We recommend reading the .rds file with R as illustrated in this tutorial but then looking carefully at the class of the object and at its data structure. If you are dealing with an object different from the one used in this tutorial, and you're not sure how to convert it, please contact the Biomage team via the community forum (https://community.biomage.net/), and we'll be happy to assist you.
Now let's jump into our data!
1. Load data and check data structure
Set working directory and load rds object:
setwd("/Your/Directory")
data.count <- readRDS("1867-counts_cells_cohort2.rds")
IMPORTANT: Check the class of the object stored in the .rds file. Please note that if you are using a different .rds file, and the class of the object is not "dgCMatrix", this script won't work. If you're not sure how to convert it, please contact the Biomage team via the community forum (https://community.biomage.net/), and we'll be happy to assist you.
class(data.count)
Install and load required package:
if (!require("BiocManager", quietly = TRUE))

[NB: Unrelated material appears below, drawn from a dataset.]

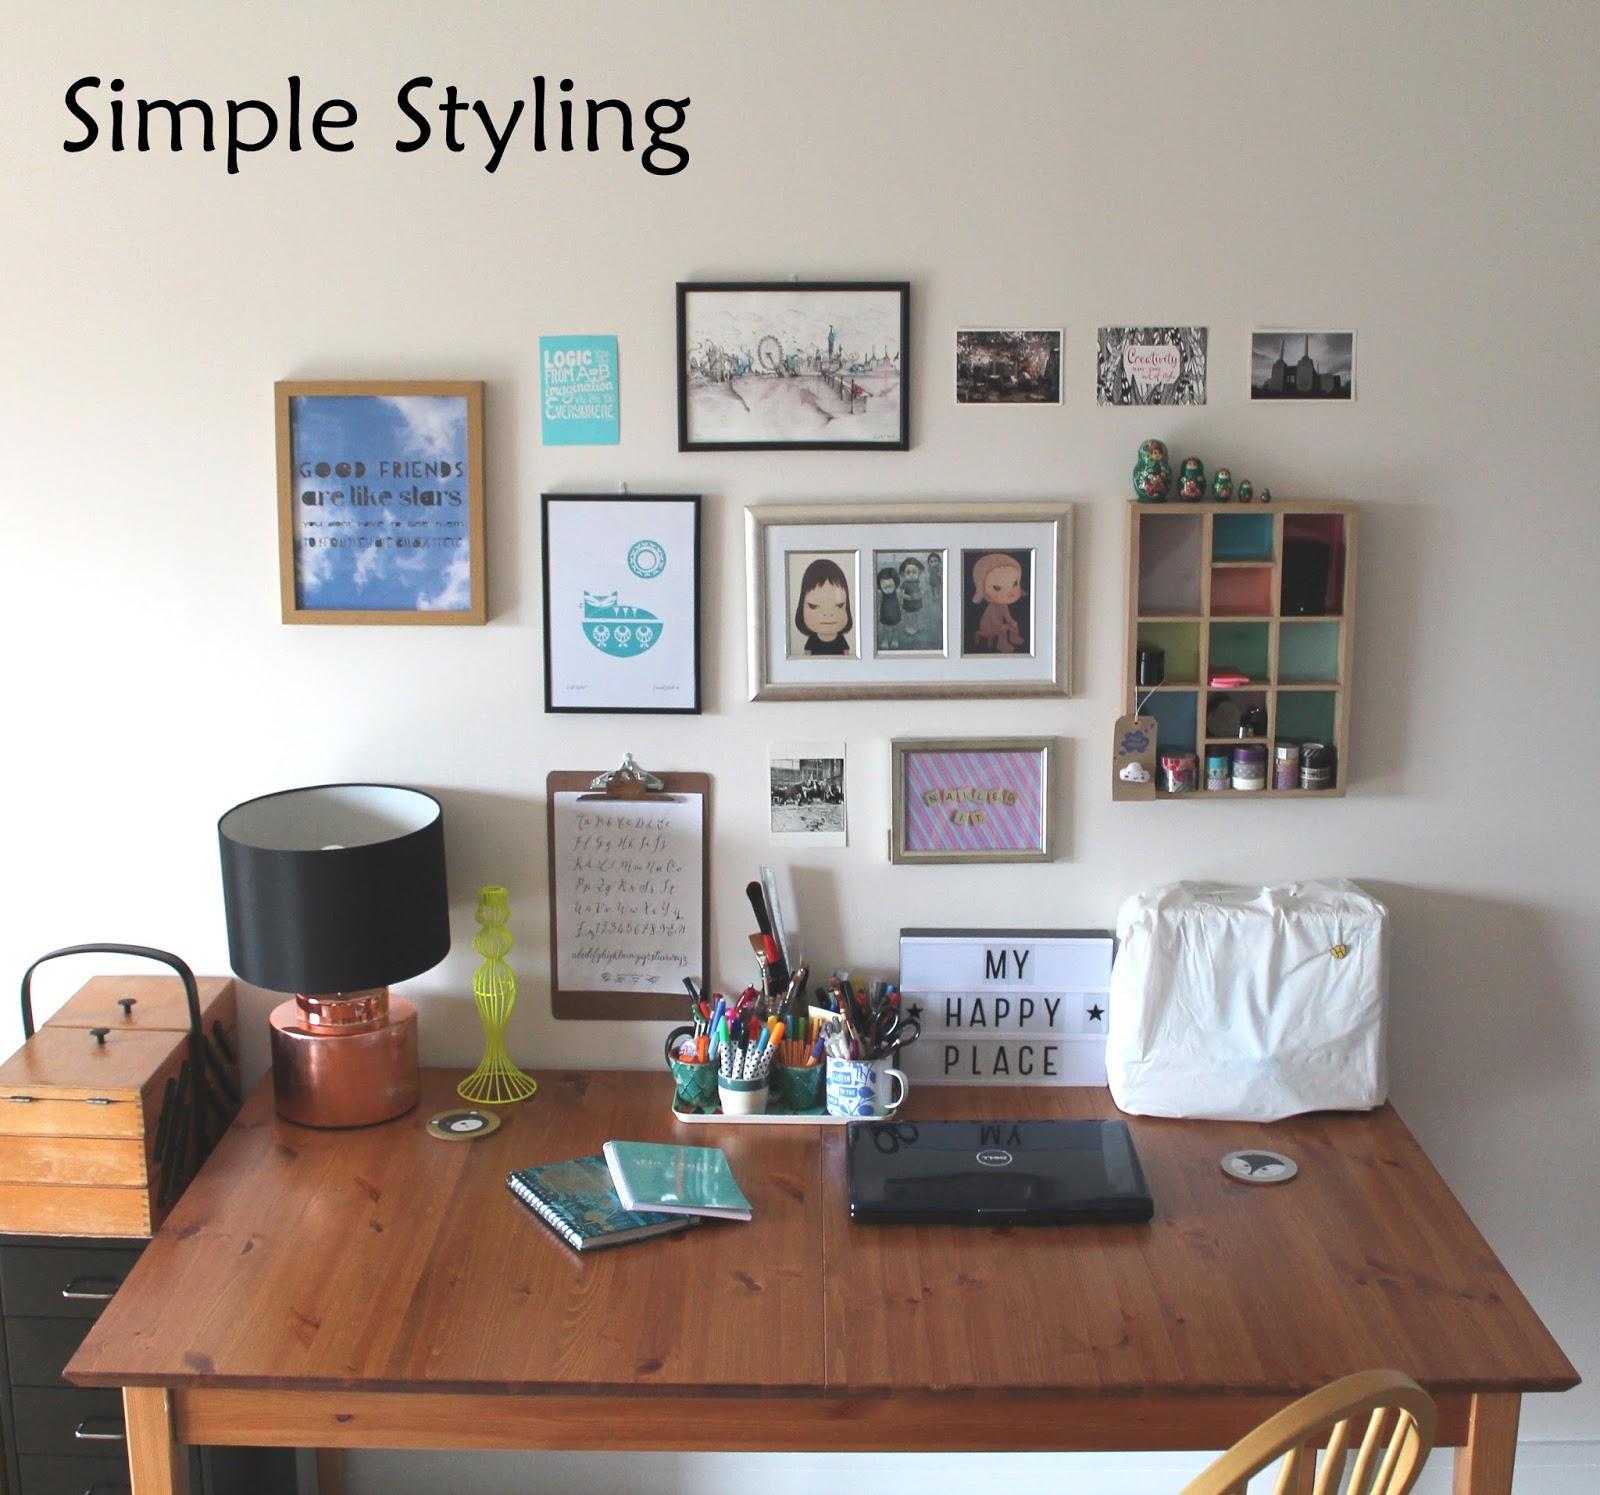 Live It Love It Make It Simple Styling Workspace

install.packages("BiocManager")
BiocManager::install("DropletUtils")
library("DropletUtils")
Looking at data structure we can see that this is a dgCMatrix with gene symbols as rownames and cell barcodes as colnames:
str(data.count)
## Formal class 'dgCMatrix' [package "Matrix"] with 6 slots
## ..@ i : int [1:74601072] 8 9 55 57 75 94 189 228 529 575 ...
## ..@ p : int [1:50694] 0 1665 2156 2617 4232 5889 6256 8255 8899 10514 ...

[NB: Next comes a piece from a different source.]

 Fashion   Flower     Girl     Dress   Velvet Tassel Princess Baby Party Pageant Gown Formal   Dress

## ..@ Dim : int [1:2] 22889 50693
## ..@ Dimnames:List of 2
## .. ..$ : chr [1:22889] "A1BG" "A1BG-AS1" "A2M" "A2M-AS1" ...

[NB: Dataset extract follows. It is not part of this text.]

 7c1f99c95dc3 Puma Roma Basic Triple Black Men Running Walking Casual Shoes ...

## .. ..$ : chr [1:50693] "BIOKEY_33_Pre_AAACCTGAGAGACTTA-1" "BIOKEY_33_Pre_AAACCTGAGTAGCGGT-1" "BIOKEY_33_Pre_AAACCTGCATGGTAGG-1" "BIOKEY_33_Pre_AAACCTGGTATAGGGC-1" ...
## ..@ x : num [1:74601072] 1 1 2 1 1 1 1 2 1 1 ...
## ..@ factors : list()
Let's look at the first cell barcode as an example:
colnames(data.count)[1]
## [1] "BIOKEY_33_Pre_AAACCTGAGAGACTTA-1"
In this particular case, cell barcodes consist of a prefix (BIOKEY13_Pre) and a sequence of bases (AAACCTGCAACAACCT-1) The prefixes are sample names, so we'll use them to demultiplex the data.
2. Demultiplex data based on barcodes prefixes and export as 10X files
Use a regular expression to extract prefixes (please note that if you are processing a different dataset, the regular expression may need to be modified depending on the specific colnames):
data.pfx <- gsub("(.+)_[A-Z]+-1$", "\\1", colnames(data.count), perl=TRUE)
Get unique sample names:
sample.names <- unique(data.pfx)
Check sample names:
head(sample.names)
## [1] "BIOKEY_33_Pre" "BIOKEY_33_On" "BIOKEY_38_Pre" "BIOKEY_38_On" "BIOKEY_35_Pre" "BIOKEY_35_On"
tail(sample.names)
## [1] "BIOKEY_34_Pre" "BIOKEY_34_On" "BIOKEY_39_Pre" "BIOKEY_39_On" "BIOKEY_42_Pre" "BIOKEY_42_On"
To export as 10X files that are directly compatible with the Cellenics® tool, define a function that creates a subdirectory named “demultiplexed” inside the current working directory, and save 10X data for each sample in different subfolders. If a folder named “demultiplexed” already exists, it will stop and return an error to avoid overwriting files.
Please, pay particular attention to the regular expression present in the last line of the following function. You might need to modify it if you're using a different dataset, in the same way that you did fot the first regular expression of this section. For example, if your samples are encoded in the suffix rather than in the prefix, you might need to change it from paste0("^",samples[i],".*") to paste0(samples[i],"$").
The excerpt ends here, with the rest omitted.